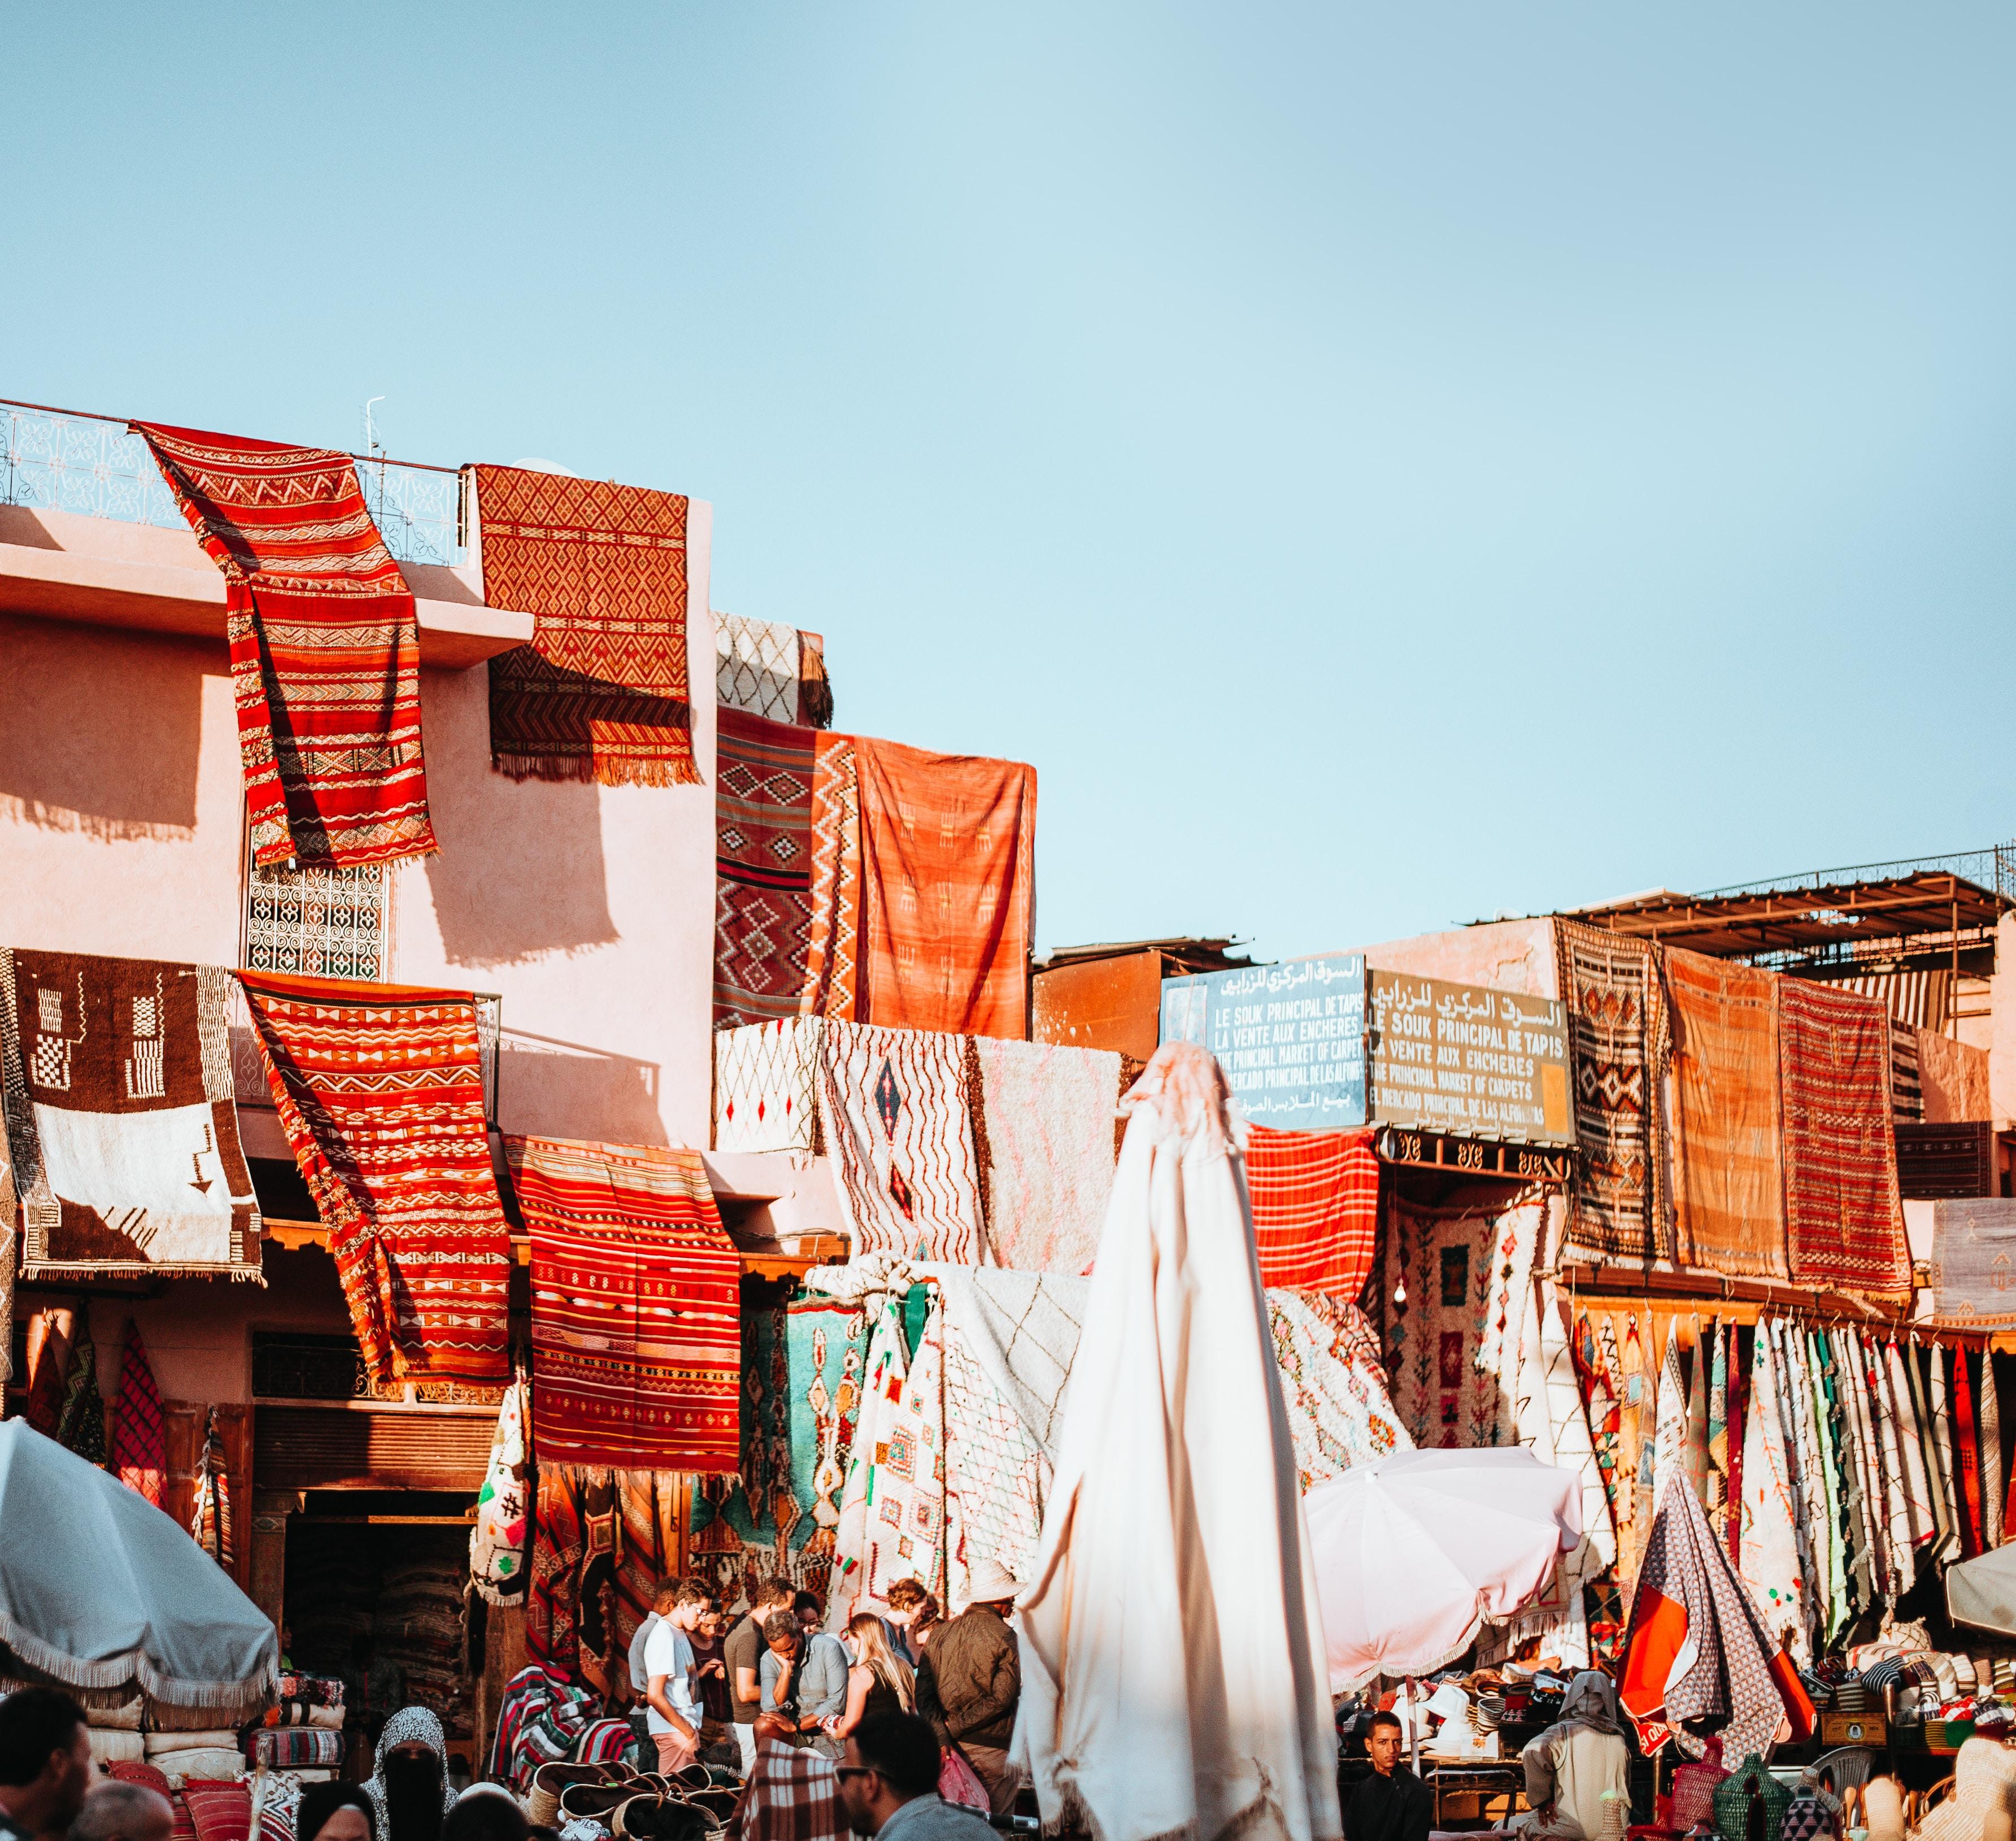 <pre></noscript>Los mejores consejos para visitar Marruecos
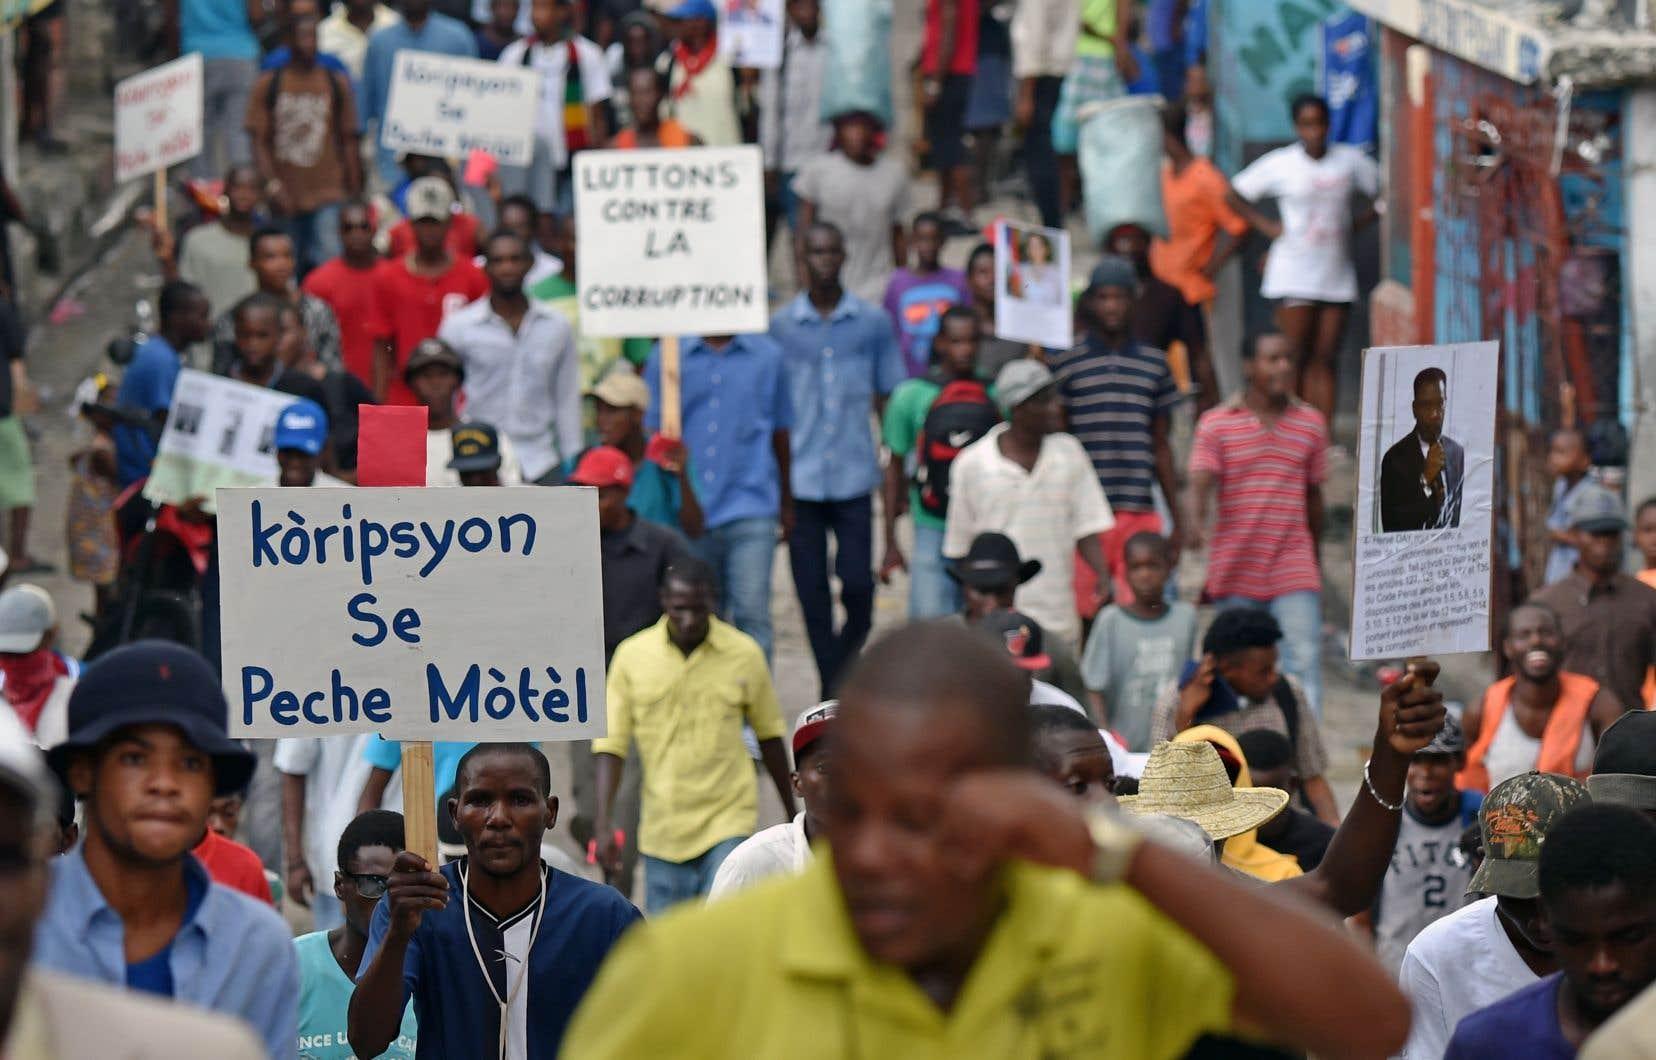 Des Haïtiens protestent contre la corruption qui gangrène leur pays, dans les rues de Port-au-Prince en novembre 2017.
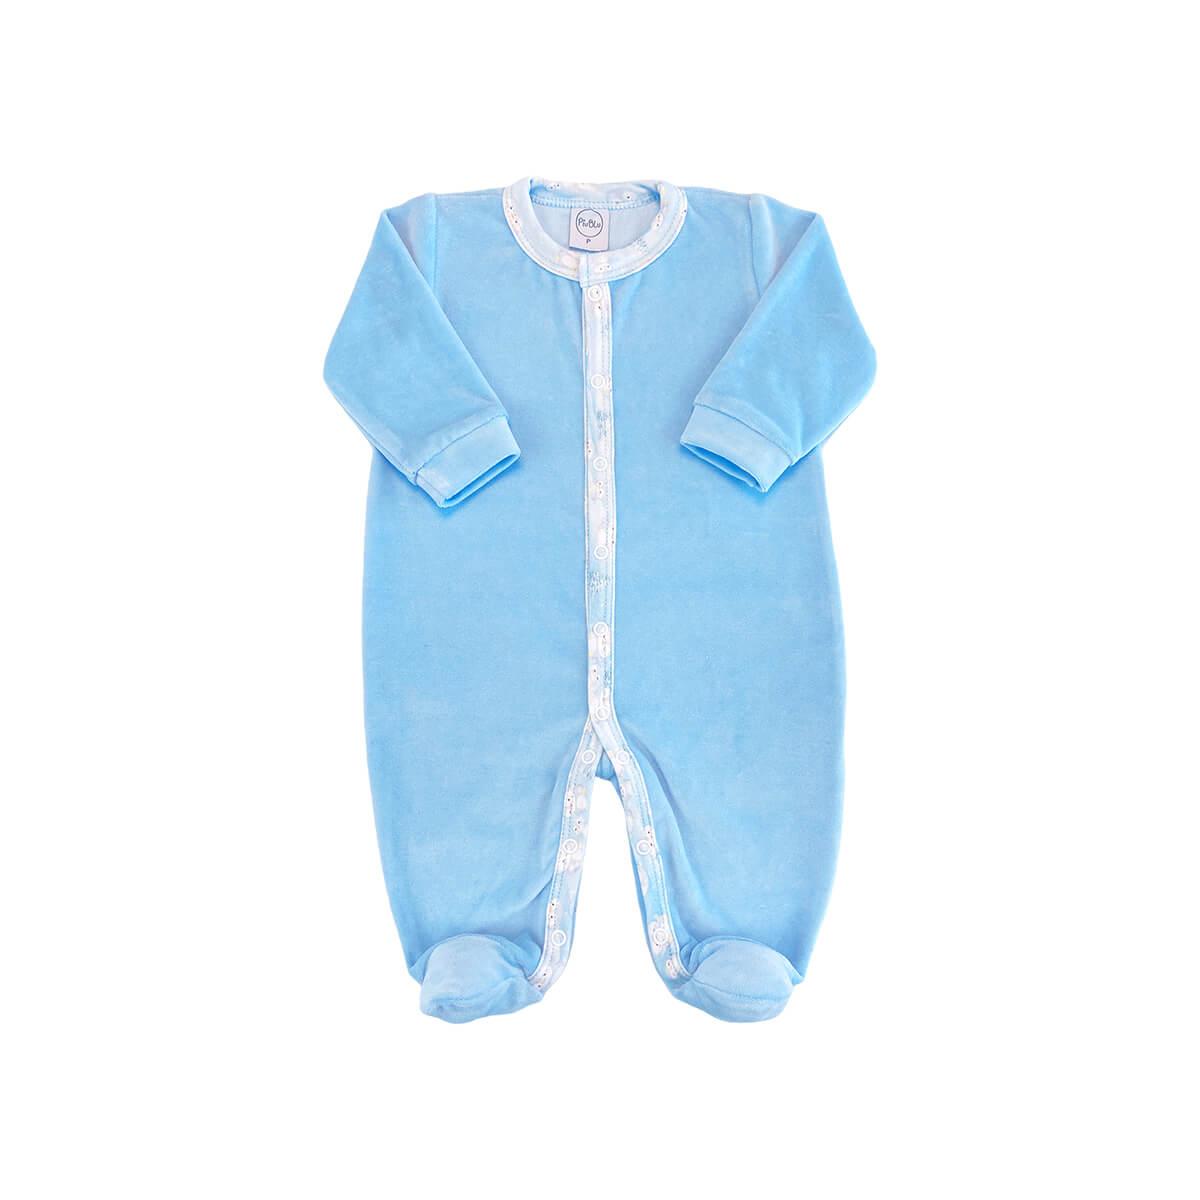 Macacão Plush Azul Claro - Todos os tamanhos com pezinho
§
- [WHAT IS EXPECTED]: The expected output is an exact retyping of the lines from the line with "Des Haïtiens protestent" through the last line of the data, with both ends kept and the pictures dropped.

- [WRITTEN SOLUTION]:
 Des Haïtiens protestent contre la corruption qui gangrène leur pays, dans les rues de Port-au-Prince en novembre 2017.
 Macacão Plush Azul Claro - Todos os tamanhos com pezinho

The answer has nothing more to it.